Chapter 1 (Angered Crows)
TW: slight mention of gore
There are some things being set up for later, while some things are just funny to me.
“I found your necromancer,” Laswell tells them over the phone. It’s been only a day since Gaz watched the Austrian get risen by the very tired looking necromancer, surprising all four members of the 141.
“‘O is it?” Ghost grumbles, flexing his hand to release some of his agitation. Gaz can’t really blame his Lieutenant, as König tends to go after Ghost first when they face him in the field for one reason or another. Knowing who’s reviving him would make finally putting the bastard down so much easier.
“Well,” Laswell hesitates, surprising the task force again, “that’s the thing. They’re a civilian. A witch, yes, but a civilian with no connection to any PMCs or governments. So, why they’re raising König is currently the biggest question.”

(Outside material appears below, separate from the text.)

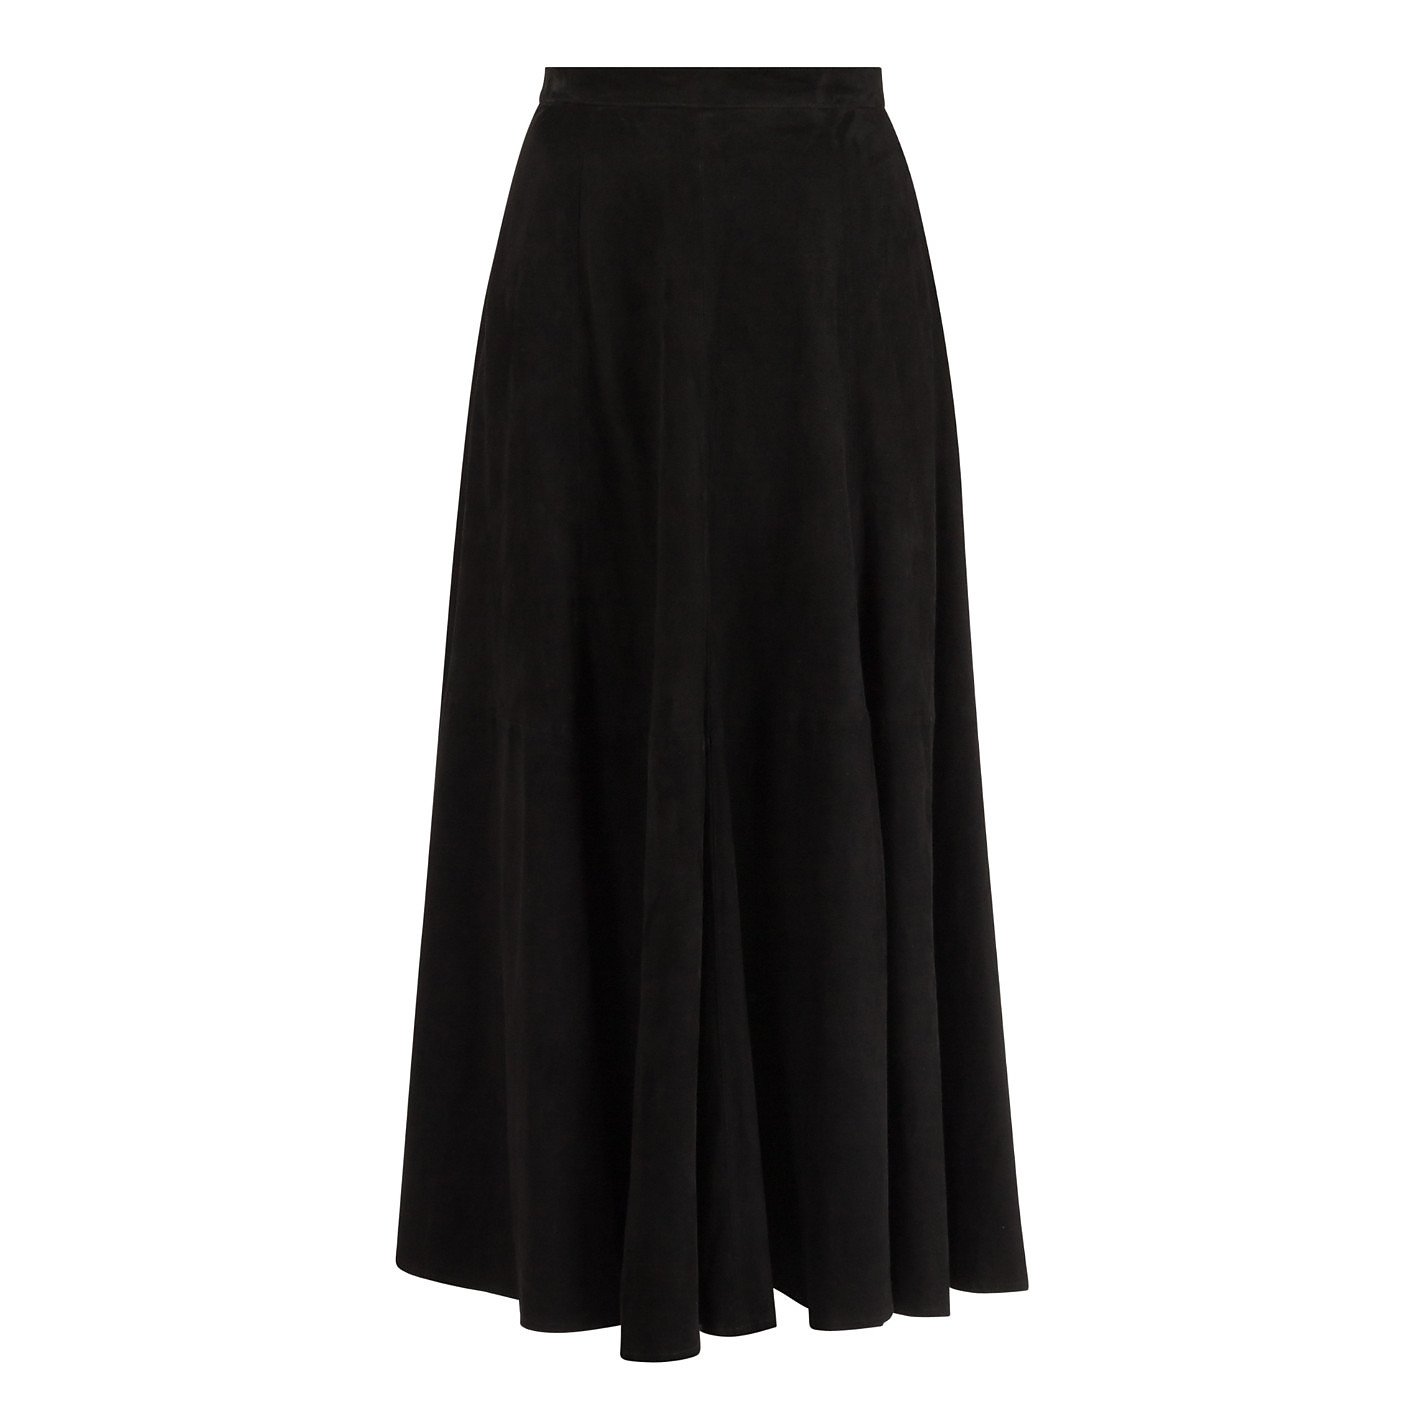 Anna Lascata Flared Suede Skirt

“Ye think ‘e might ‘ave somethin’ on th’ poor bastart?” Soap asks, leaning forward on the table. Gaz frowns at that thought, something in his gut saying it’s close to the truth.
“Your guess is as good as mine at this time,” Laswell confesses, “But, they’re closer to you than me.” She rattles off a name and address, in the small section of London that is practically nothing but witches and magic users. Gaz frowns, still mulling over what he saw back on the field. How you had tried to get away from the behemoth of a man. Tilting his head back and forth, Gaz stands at the table, getting the others’ attention.
“Let’s go meet ‘em, then,” he throws out.
------------------------------------------------------------------------------The sneeze that escapes you is hard enough that you slam your head into your desk due to the recoil. Ogun gives you the most judgmental look a bird can as you whine in pain.
“Don’t act so high and mighty,” you hiss, glaring at the phoenix, “You flew into a door.” Ogun squawks and flaps his wings indignantly, obviously upset you brought up something so long ago (It was literally three days ago). You roll your eyes and blow a raspberry at your familiar, which only makes him squawk again. The bells above the door tinkle, catching your attention before you could pull your tongue back into your mouth.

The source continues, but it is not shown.